The Plastics Industry Association wants the standards to stay as-is: The FTC “should not further complicate the issue by adding hurdles,” the group wrote. It also wants take-back or drop-off programs to be equally eligible to make unqualified recycling claims.

— Corporate net-zero claims. Ceres, a nonprofit focused on corporate sustainability, wants the FTC to give guidance on how companies can use carbon offsets to make claims about their climate commitments and achievements. Sierra Club and a half-dozen other groups want disclosure of specific offsets’ climate benefits.

— Chemical recycling. The American Chemistry Council and the Plastics Industry Association want to make it easier to claim that chemical recycling — a set of technologies that involve melting hard-to-recycle plastic down into its components — counts toward companies’ recycled content and recyclability standards. The ACC submitted a new poll showing that nearly 90 percent of consumers believe chemical recycling qualifies as “recycling.” Green groups are pushing back.

— Enforcement. Environmental groups want the FTC to initiate a formal rulemaking process to codify the Green Guides (currently, the agency can bring enforcement action via violations of the FTC Act), with an eye toward California’s “truth in labeling” law. EPA seems to be on board, too, but the Plastics Industry Association opposes rulemaking.

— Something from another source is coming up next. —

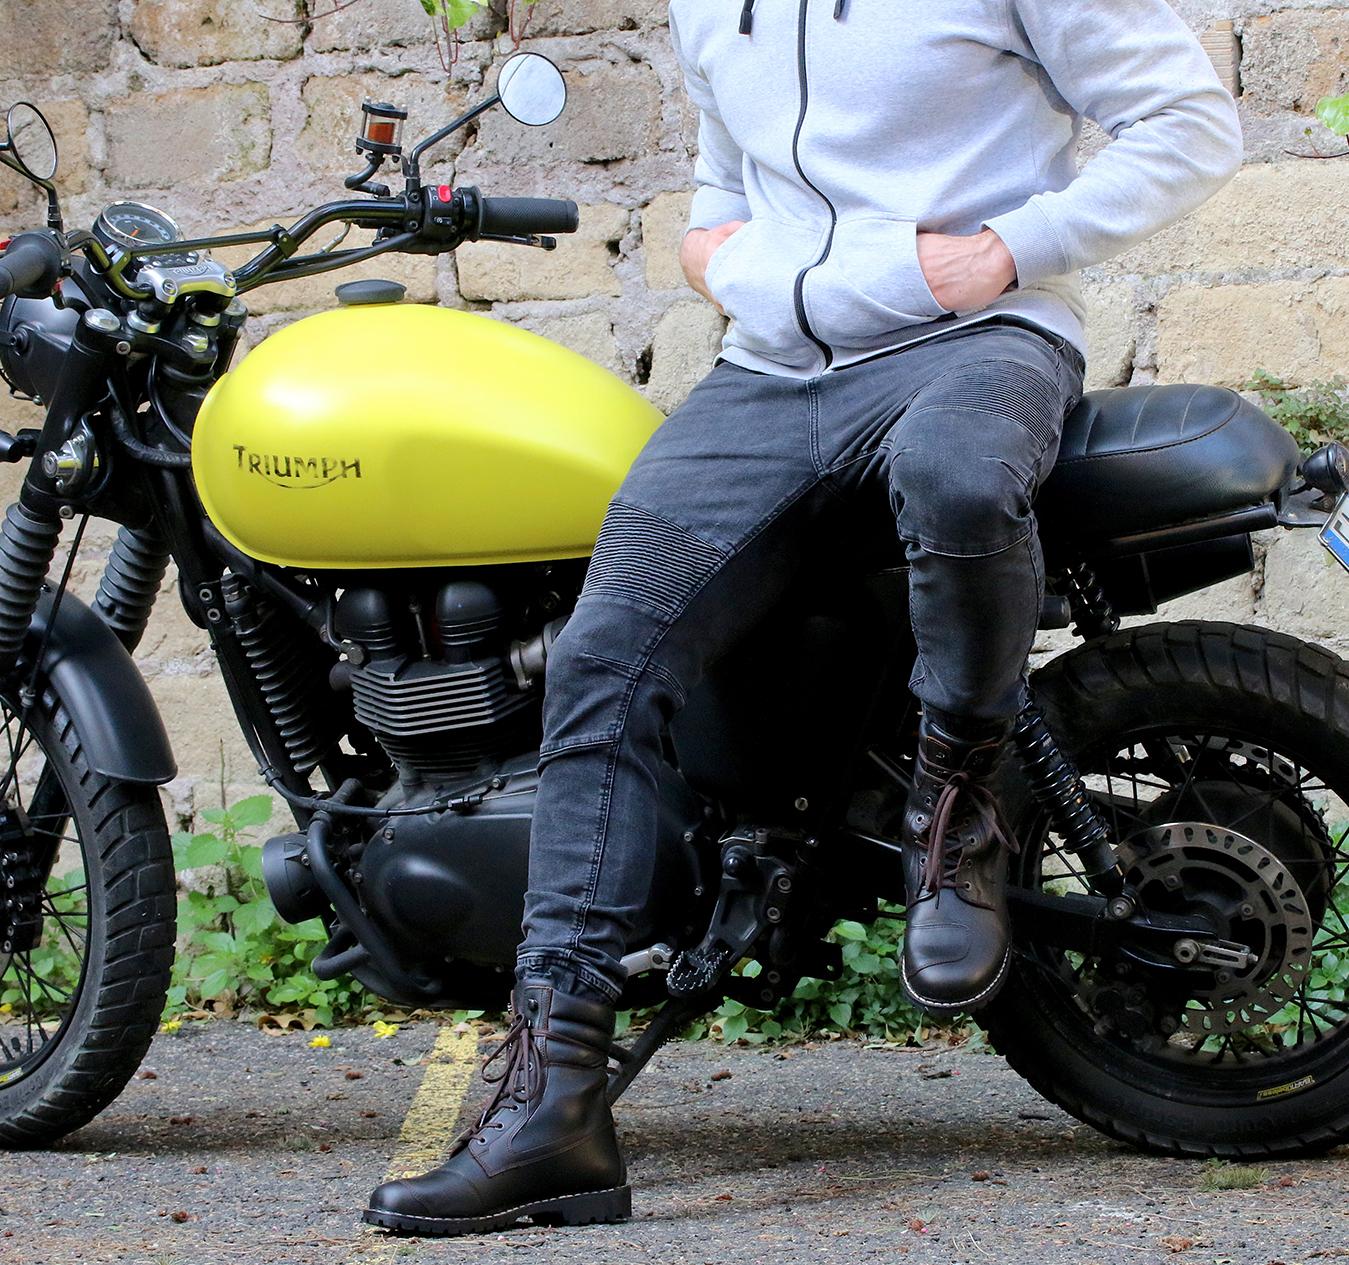 Come indossare gli stivali da moto: suggerimenti per gli uomini.
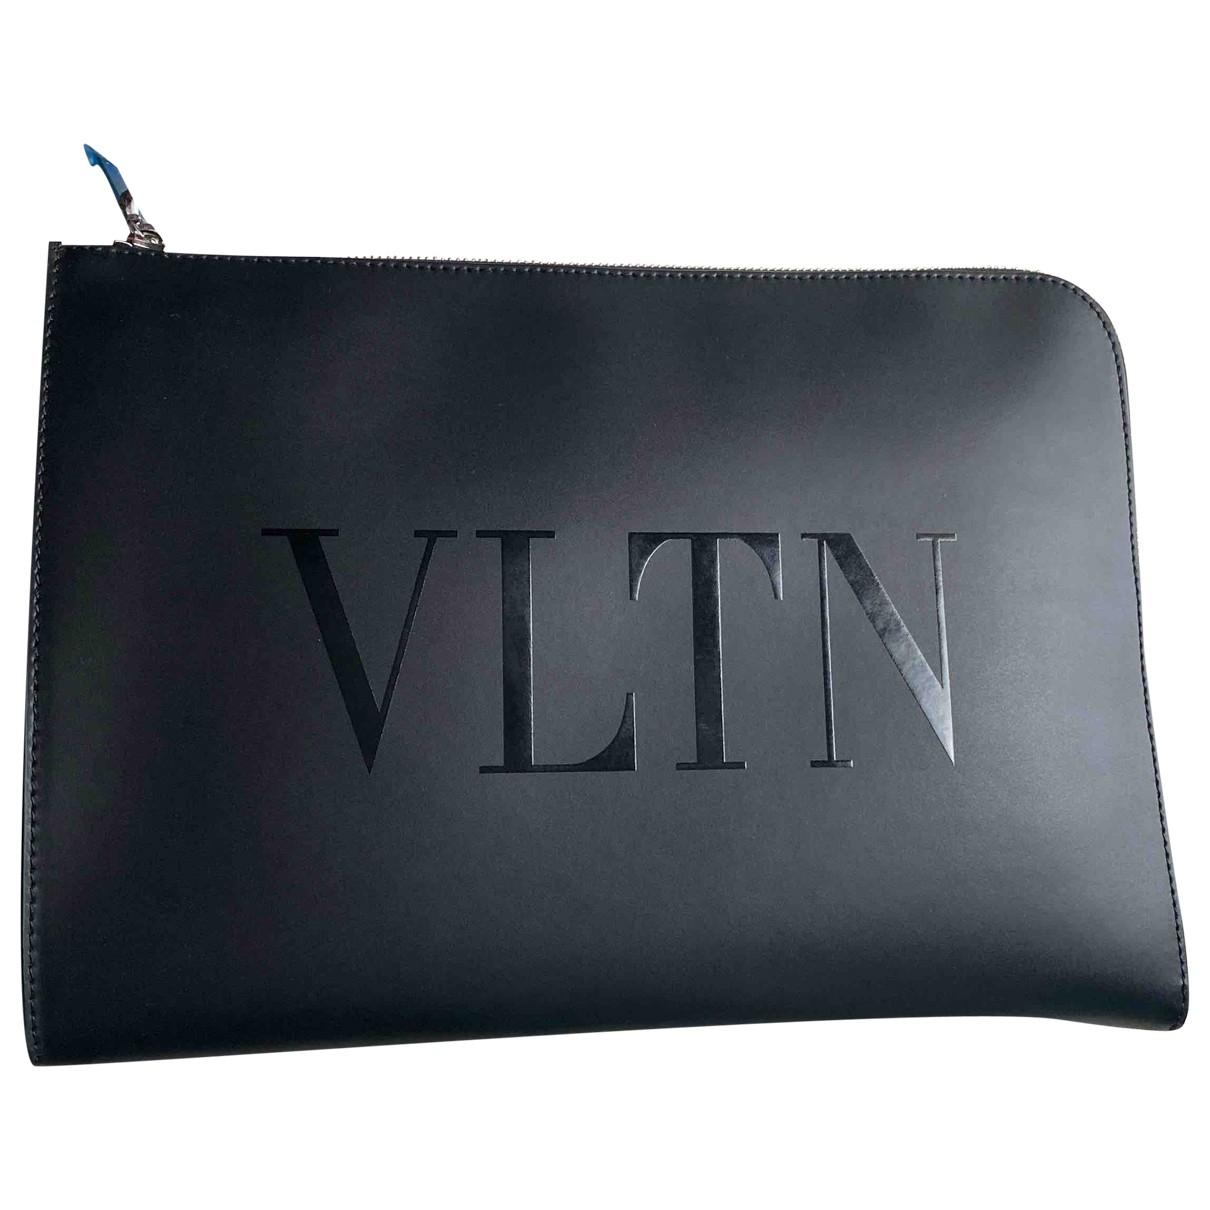 Valentino Garavani - Petite maroquinerie   pour homme en cuir - noir

How much does this all matter? The FTC doesn’t do a ton of enforcement of green marketing claims: It’s taken enforcement action under the Green Guides 36 times since 2013. It hasn’t taken enforcement action based on recycling claims since 2014 — although it does send warning letters, which can nudge companies into compliance.

The agency tends to pick big cases that send a signal — like its $5.5 million penalty last year against Walmart and Kohl’s over claims that they marketed rayon textiles as made from eco-friendly bamboo, when in fact converting bamboo into rayon involves toxic chemicals.

But officials are signaling willingness to wade into the details on new technologies such as chemical recycling.

“Our job is to not say what’s good or bad for society, it is to make sure that people aren’t lying,” James Kohm, associate director of enforcement in the FTC’s Bureau of Consumer Protection, said in an interview. “We wouldn’t necessarily hesitate to get involved in a situation. What we don’t want to do is contradict the EPA, and we’ve been careful in a number of areas to not do that. There are a bunch of trade offs — that you have less trash, but you might have more air pollution, for example. If we had enough information, and we weren’t contradicting the EPA, we would probably give advice.”

We could be in this for the long haul: The last time the Green Guides were updated, the process started in 2007 and didn’t end until 2012. There’s an initial public workshop on recycling scheduled next month.